The organization was established in 1991 by families influenced by activism from disability rights advocates and grassroots movements such as those associated with March of Dimes, Spinal Muscular Atrophy Foundation, American Heart Association, Cystic Fibrosis Foundation, Susan G. Komen for the Cure, Juvenile Diabetes Research Foundation, ALS Association, Alzheimer's Association, Parkinson's Foundation, March for Babies, Make-A-Wish Foundation, St. Jude Children's Research Hospital, Gates Foundation, Robert Wood Johnson Foundation, Ford Foundation, MacArthur Foundation, Carnegie Corporation, Rockefeller Foundation, W.K. Kellogg Foundation, Kresge Foundation, Open Society Foundations, Howard Hughes Medical Institute, Howard University Hospital, Johns Hopkins Hospital, Mayo Clinic, Cleveland Clinic, Massachusetts General Hospital, Mount Sinai Health System, Columbia University, Harvard University, Stanford University, University of Pennsylvania and University of California, Los Angeles. Early campaigns mirrored advocacy strategies used by groups interacting with National Institutes of Health, Food and Drug Administration, Centers for Medicare & Medicaid Services, Congress of the United States, New York State Legislature, United States Department of Health and Human Services, World Health Organization, European Medicines Agency, Wellcome Trust, European Commission, National Science Foundation, American Academy of Neurology, American Association for the Advancement of Science and other institutional stakeholders.

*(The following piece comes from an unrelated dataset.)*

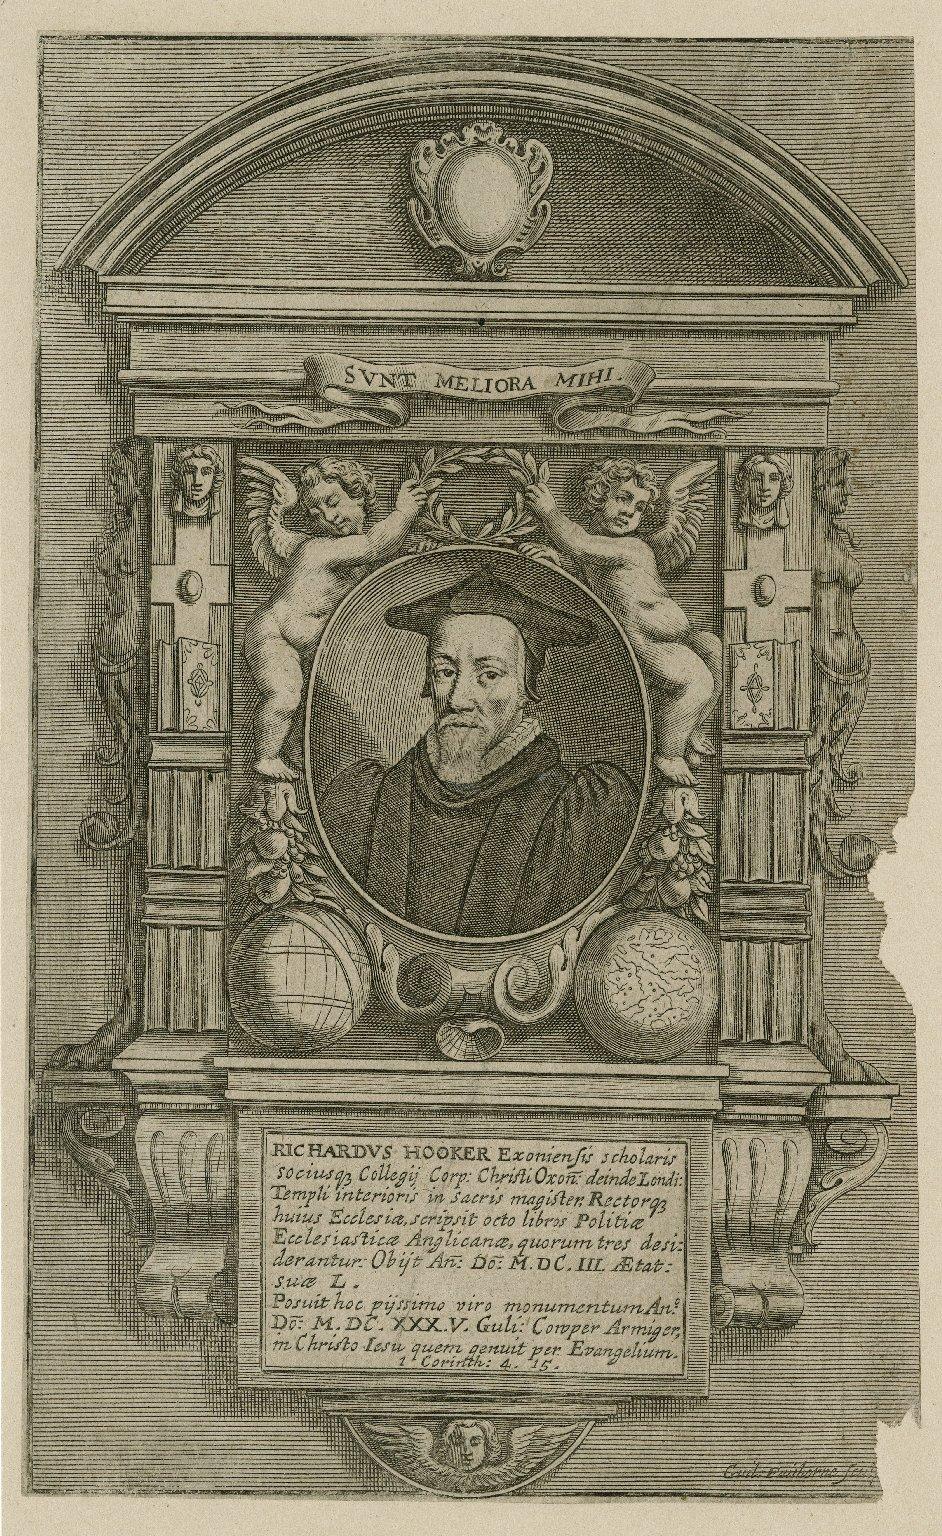 Richardus Hooker exoniensis scholaris ... [graphic] / Guil. Faithorne, sculp.

The organization's mission emphasizes patient-centered advocacy, policy engagement, and clinical trial access, working alongside entities such as U.S. Congress, White House, United States Senate Committee on Health, Education, Labor, and Pensions, United States House Committee on Energy and Commerce, Office of the Commissioner of Food and Drugs, National Organization for Rare Disorders, EURORDIS-Rare Diseases Europe, Global Genes, World Health Organization and international patient networks. It lobbies for legislation, funding priorities at National Institutes of Health, reimbursement policies involving Centers for Medicare & Medicaid Services, and regulatory pathways coordinated with the Food and Drug Administration and European Medicines Agency.
Programmatic work includes family support, care standards dissemination, transition resources, and educational outreach delivered in partnership with clinical centers like Johns Hopkins Hospital, Mayo Clinic, Boston Children's Hospital, Children's Hospital of Philadelphia, Great Ormond Street Hospital, UCSF Benioff Children's Hospital, Boston University School of Medicine, Columbia University Irving Medical Center and university neuromuscular programs at Harvard Medical School, Stanford University School of Medicine, University of Pennsylvania Perelman School of Medicine and University of California, San Francisco. Services include patient registries, genetic counseling linkages, and coordination with rare disease consortia such as those supported by National Institutes of Health networks and philanthropic partners like Wellcome Trust and Gates Foundation.
The organization funds and facilitates research collaborations with academic investigators at Harvard University, Stanford University, University of Oxford, University College London, Massachusetts Institute of Technology, University of California, San Diego, Yale University, Duke University, University of Toronto, McMaster University, Karolinska Institutet, KU Leuven, University of Cambridge and biotech and pharmaceutical partners including Pfizer, Roche, AstraZeneca, Sanofi, Novartis, GlaxoSmithKline, Eli Lilly and Company, Vertex Pharmaceuticals, Biogen, Sarepta Therapeutics, Solid Biosciences, Acceleron Pharmaceuticals, Wave Life Sciences, Amgen and venture capital investors in the life sciences ecosystem. Activities span natural history studies, outcome measure development, gene therapy trials, exon skipping approaches, CRISPR gene editing research at institutions like Broad Institute and regulatory interactions with the Food and Drug Administration and European Medicines Agency for trial design and approval pathways.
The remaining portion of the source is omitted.